[REQUIRED WORK] Take the line containing "Automodell grau-türkis - Renault" and each line after it through the end of the data below, and return them exactly, minus any pictures.

[DATA PROVIDED]
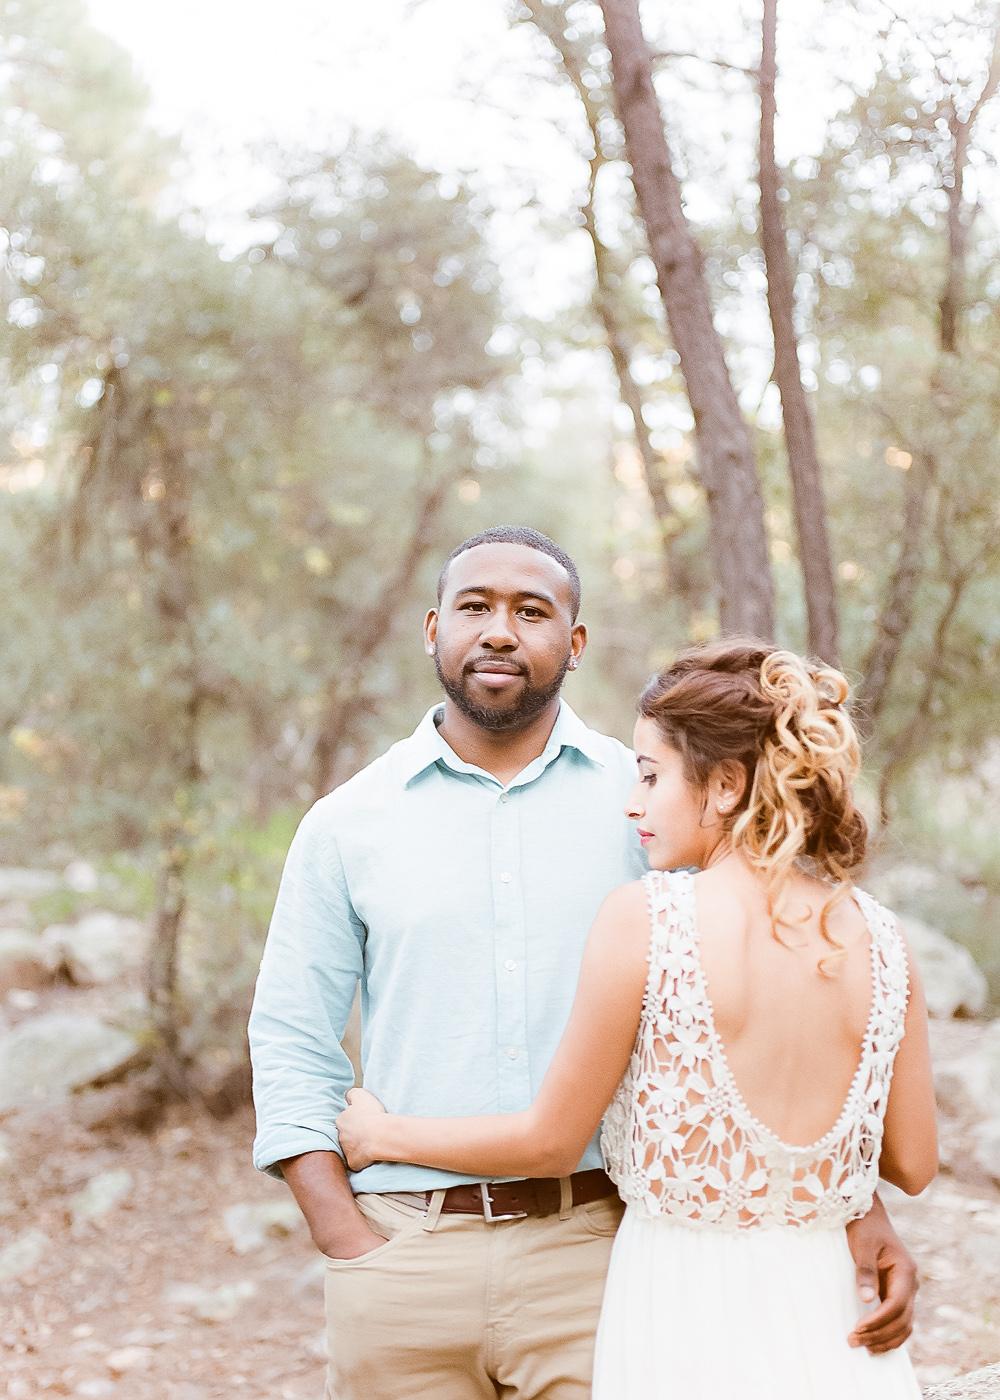 Fine Art Marriage, Anouschka Rokebrand Photography, Tuscon Arizona Anniversary
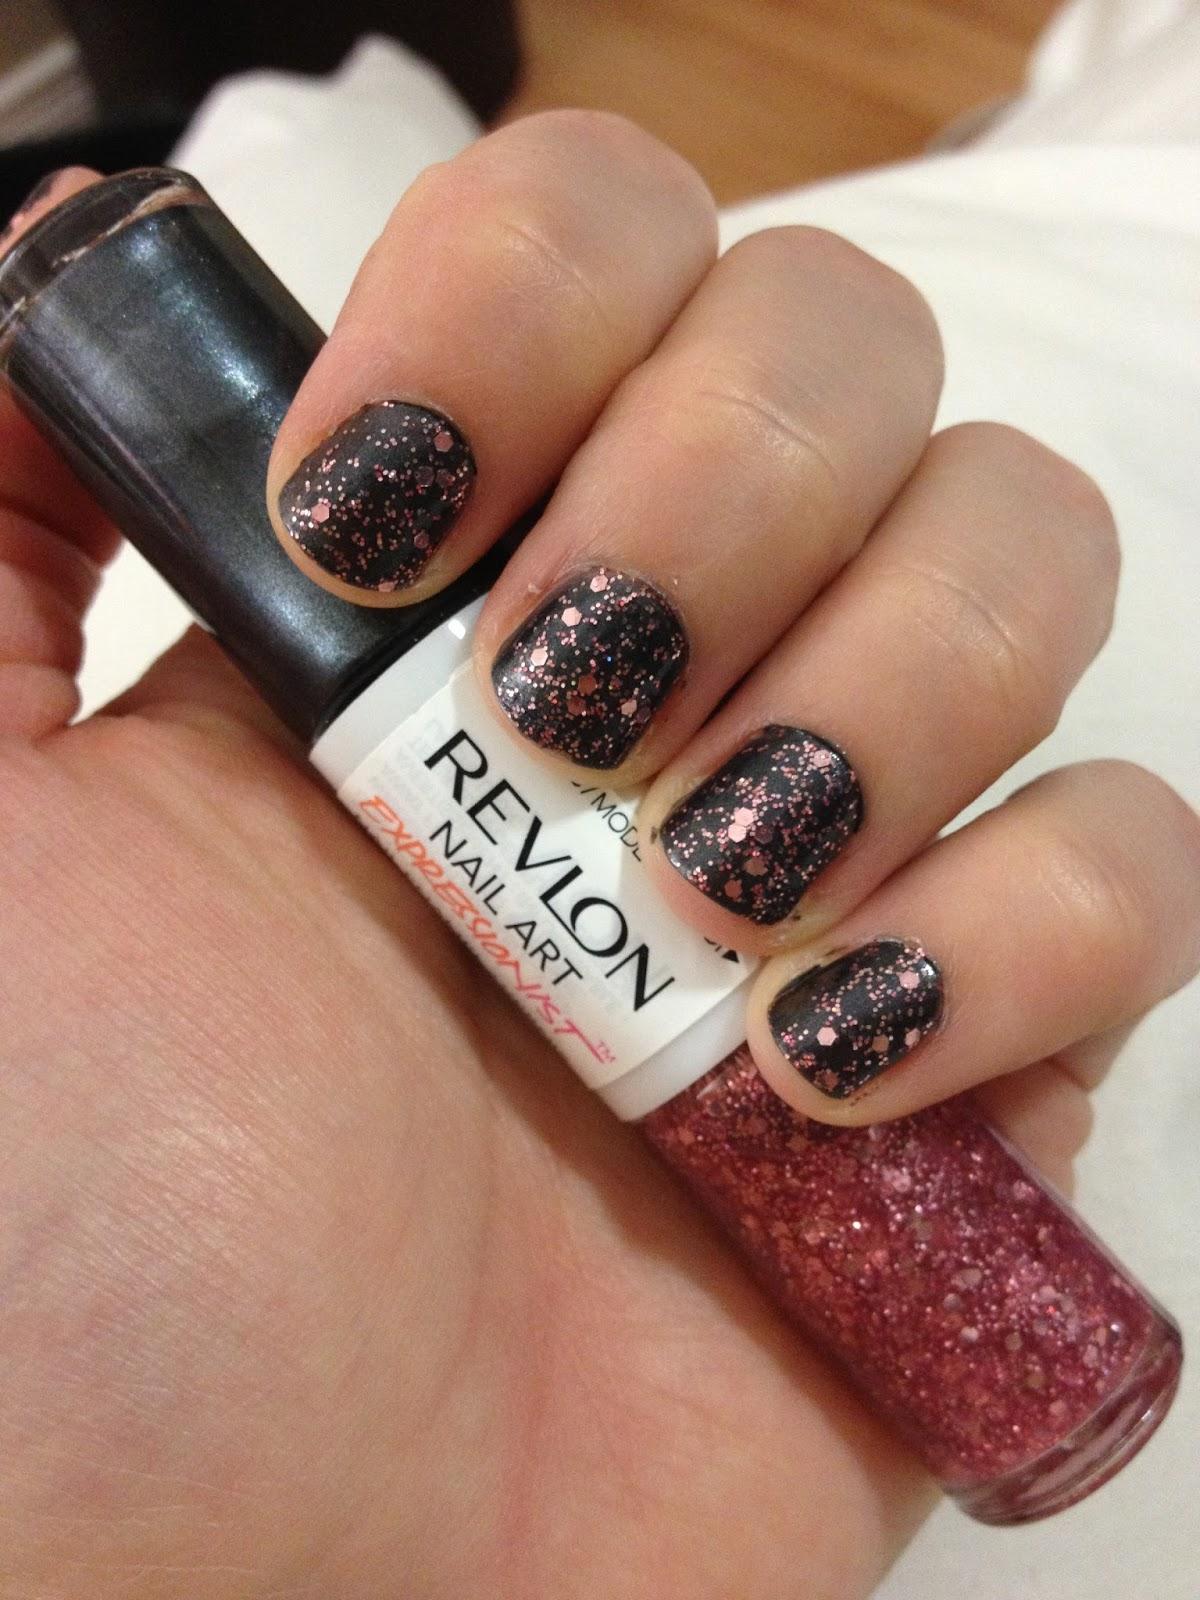 5def2b6048 Ruffles and Truffles: Revlon Nail Art Expressionist
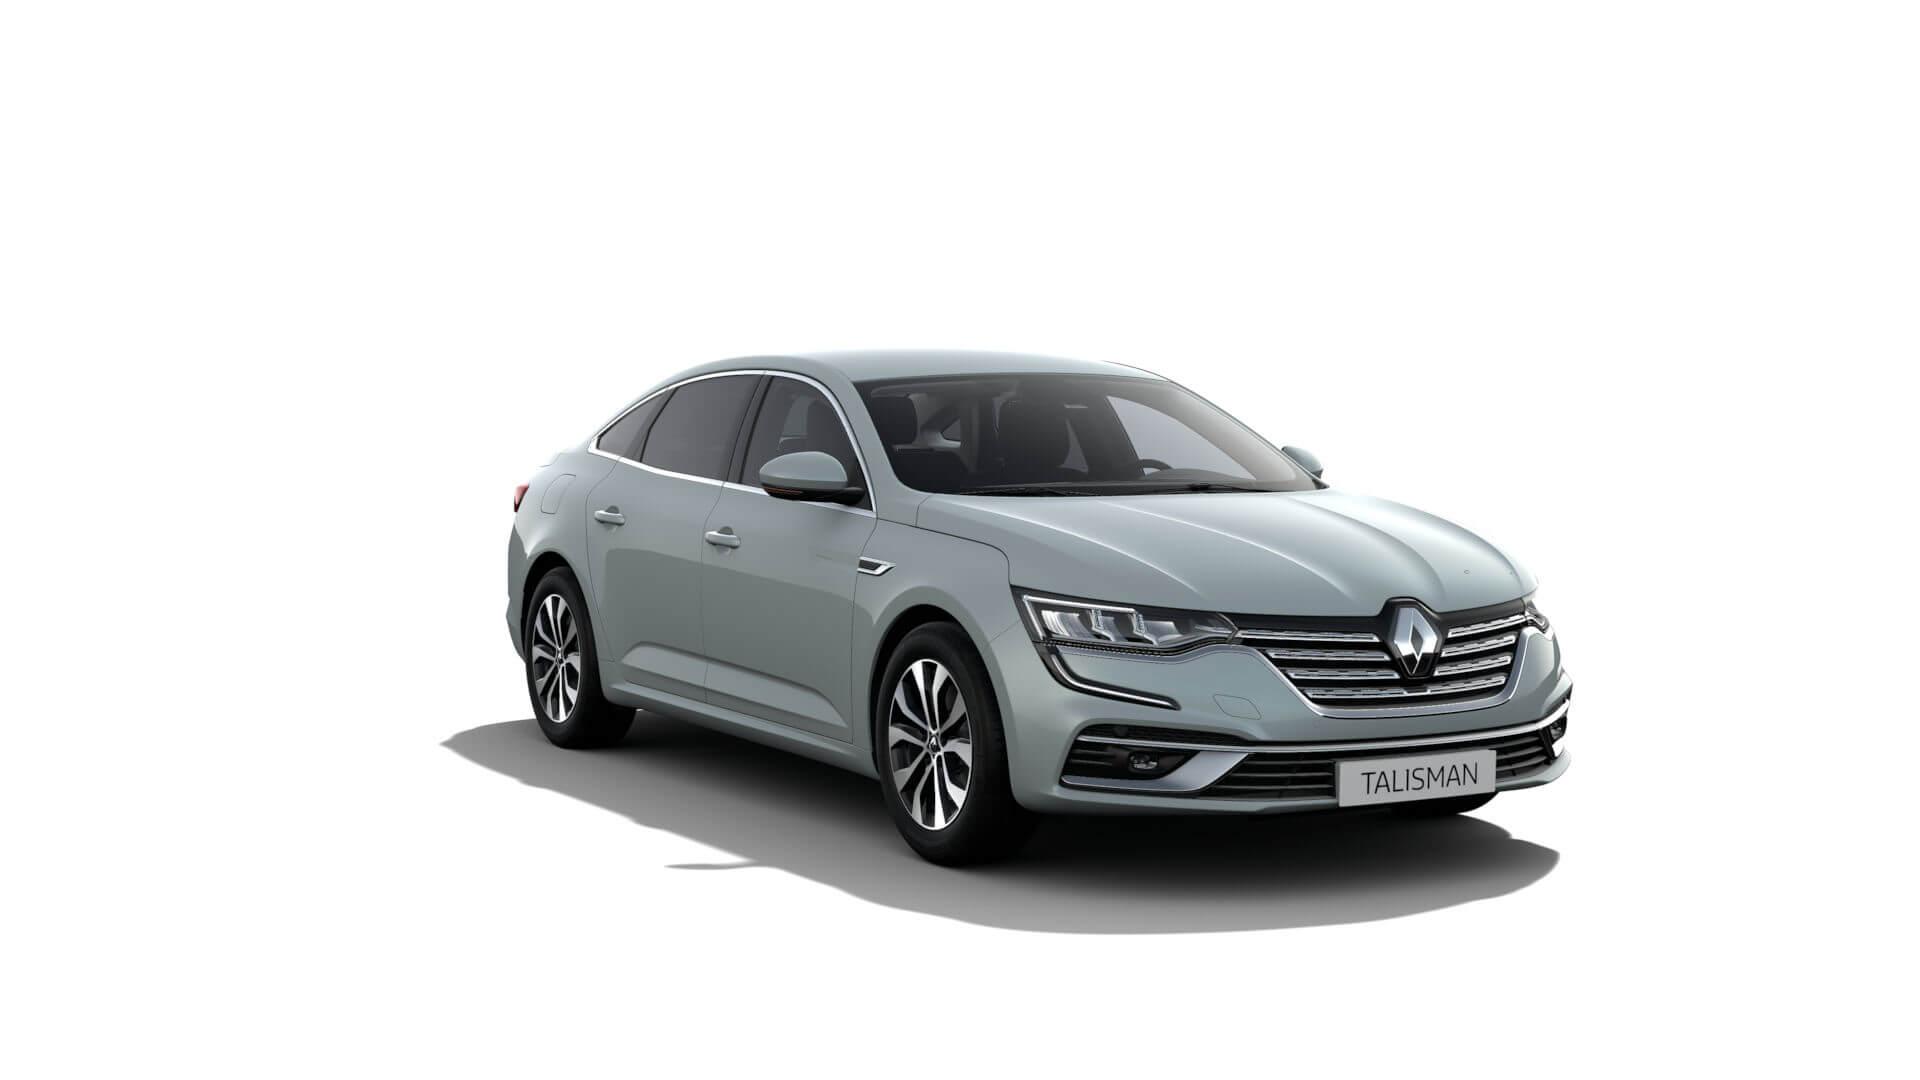 Automodell grau-türkis - Renault Talisman - Renault Ahrens Hannover
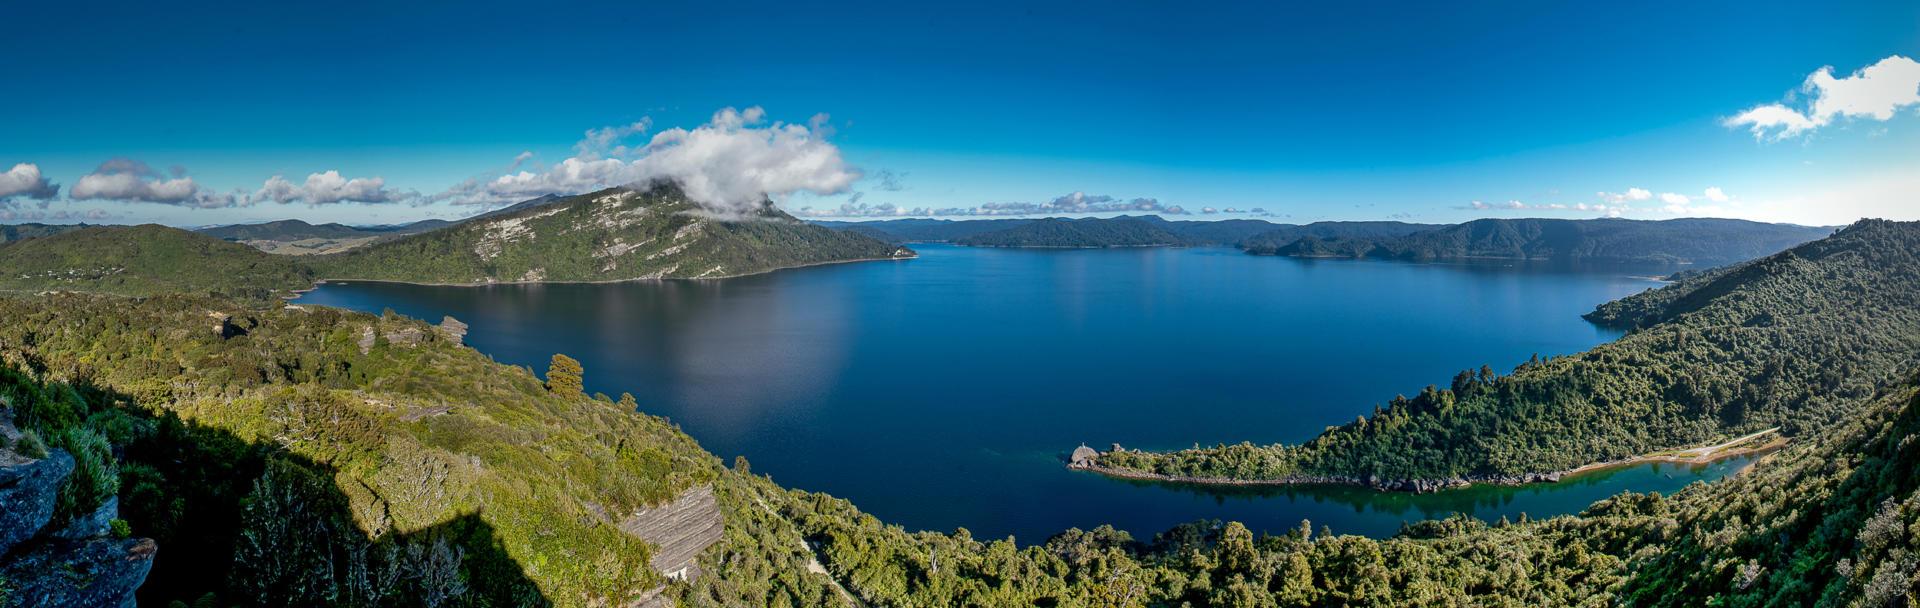 Hawkes Bay Waikaremoana 03 P

[YOUR RESPONSE]
 Automodell grau-türkis - Renault Talisman - Renault Ahrens Hannover
 Hawkes Bay Waikaremoana 03 P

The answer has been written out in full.